Version originale du texte intégral

1 Introduction

Recently one could observe an upsurge of contributions concerning impacts of Marine Protected Areas (MPAs). This growing interest for MPAs can be explained first by the various benefits expected from the creation of MPAs. These benefits can be broadly classified under three kinds: ecosystem preservation, fisheries management and development of the nonextractive recreational activities (Boncoeur et al. [2]). Secondly, MPAs are often presented as a new tool to control over-exploitation of the marine resource, which is a serious worldwide problem. Third, another motivation is that many MPAs have already been practiced all over the world. Lauck et al. [10] assert that MPAs can be envisaged as a kind of insurance against scientific uncertainty or stocks assessments or effectiveness of regulation errors.

Similar to Arnason [1], our paper is concerned with the study of theoretical conditions under which MPAs may be also economically beneficial. In biological perspective, MPAs generally increase abundance and average size of exploited species within their boundaries. There is an evidence that benefits may be exported to surrounding regions in some cases. We have restricted our attention to impacts on the fishing sector under the assumption that fishery is optimally managed by fishery managers (whether individuals or committees). In such a perfect world, we show that creation of a well designed MPA can improve biological situations within MPA boundaries, as well as economic benefits from the fishing activity outside its boundaries.

Following Hannesson [7], we use here a model where a given fishing ground is split into two sub-areas. One of them is set aside as a MPA. It is assumed that fish stock within the boundaries of MPA and stock fish into the surrounding area are linked by migration patterns of the resource. This framework is a variant of the spatial model developed by Sanchirico and Wilen [13]. This setting appears to be powerful and leaves open many possibilities with regard to what kind of migration may take place between stocks.
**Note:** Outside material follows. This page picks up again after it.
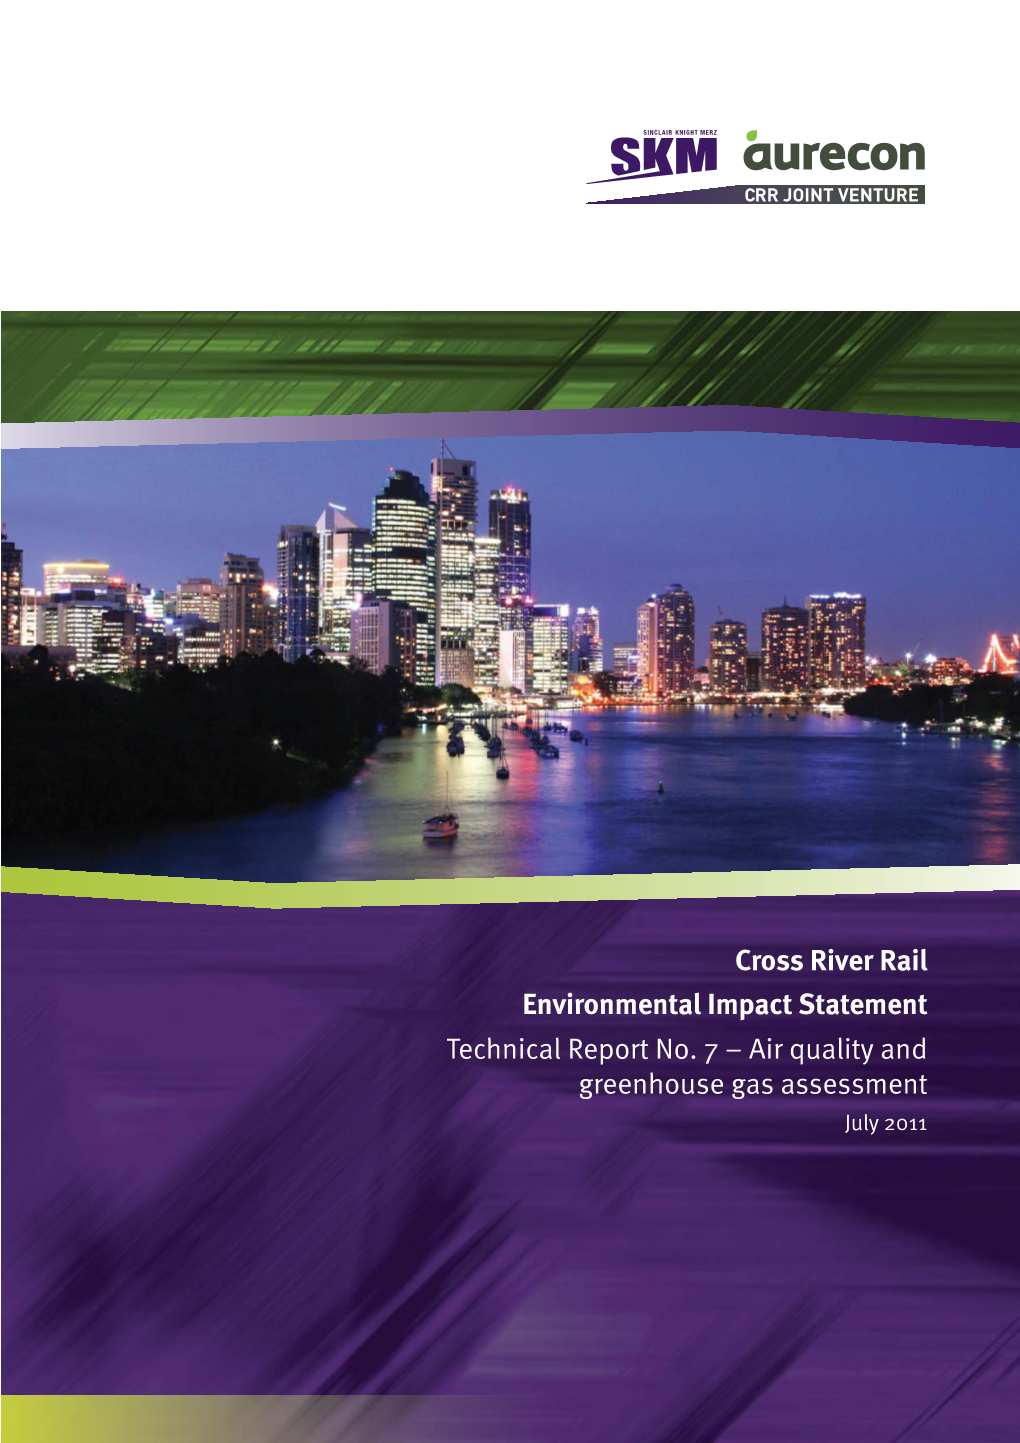 Cross River Rail Environmental Impact Statement Technical Report

It might be used for modeling a wide-ranging scale of problems. For instance, discussing the existence and the stability of an optimal harvesting policy (Dubey et al. [6]), or determining the optimal size of a MPA in the stochastic case (Conrad [5]).

Obviously, existence of economic benefits from the fishing activity outside MPA boundaries is contingent on the nature of biological linkages between areas. It will be assumed here that biological linkages are mainly dependent on adequate design of the MPA. By design we mean essentially here location and size. These are characteristics of major importance to appraise a migration coefficient that gives us some information on the fish mobility (cf. Houde [9]). In the present paper, it is then assumed that the knowledge of the migration coefficient allows one to identify and then choose the locations that have the highest potential for the implementation of a MPA. Therefore, the migration coefficient can be considered as a decision variable of fishery managers.
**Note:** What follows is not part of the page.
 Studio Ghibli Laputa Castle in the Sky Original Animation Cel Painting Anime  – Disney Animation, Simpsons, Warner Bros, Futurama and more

More precisely, the basic harvesting model, as it can be found, for instance, in Clark [4], is used as a benchmark. Though our study appears also as an optimal harvesting problem, we work, as Clark did, in the calculus of variation framework. Indeed the interior solutions of the optimal control problem, the only ones we are interested in, are straightforwardly obtained in this setting.

A MPA consideration is added to the basic model, leading to a model of two patchy populations that allows us to explore the possible effects of MPA. The biological and economics impacts, both within and beyond the borders of the MPA, are highlighted.

Optimal steady states, expressed in terms of fishing effort and stock density, are determined in both the basic and the patchy models. For the latter one, the optimal migration coefficient, i.e., the value where potential effect of MPA implementation should be highest, is obtained. Optimal benefits, with or without MPA, are compared. Conditions under which a MPA creation will theoretically enhance both biological (i.e. the stock density) and economic (i.e., the present value of the exploitation) situations are obtained. Unfortunately, it is likely uneasy to reach in practice the optimal value of the migration coefficient. Some simulations are therefore used to explore the sensitivity of our results with respect to the migration coefficient. It is shown numerically that the domain of the parameter for which the presence of a MPA is theoretically beneficial is reasonably large.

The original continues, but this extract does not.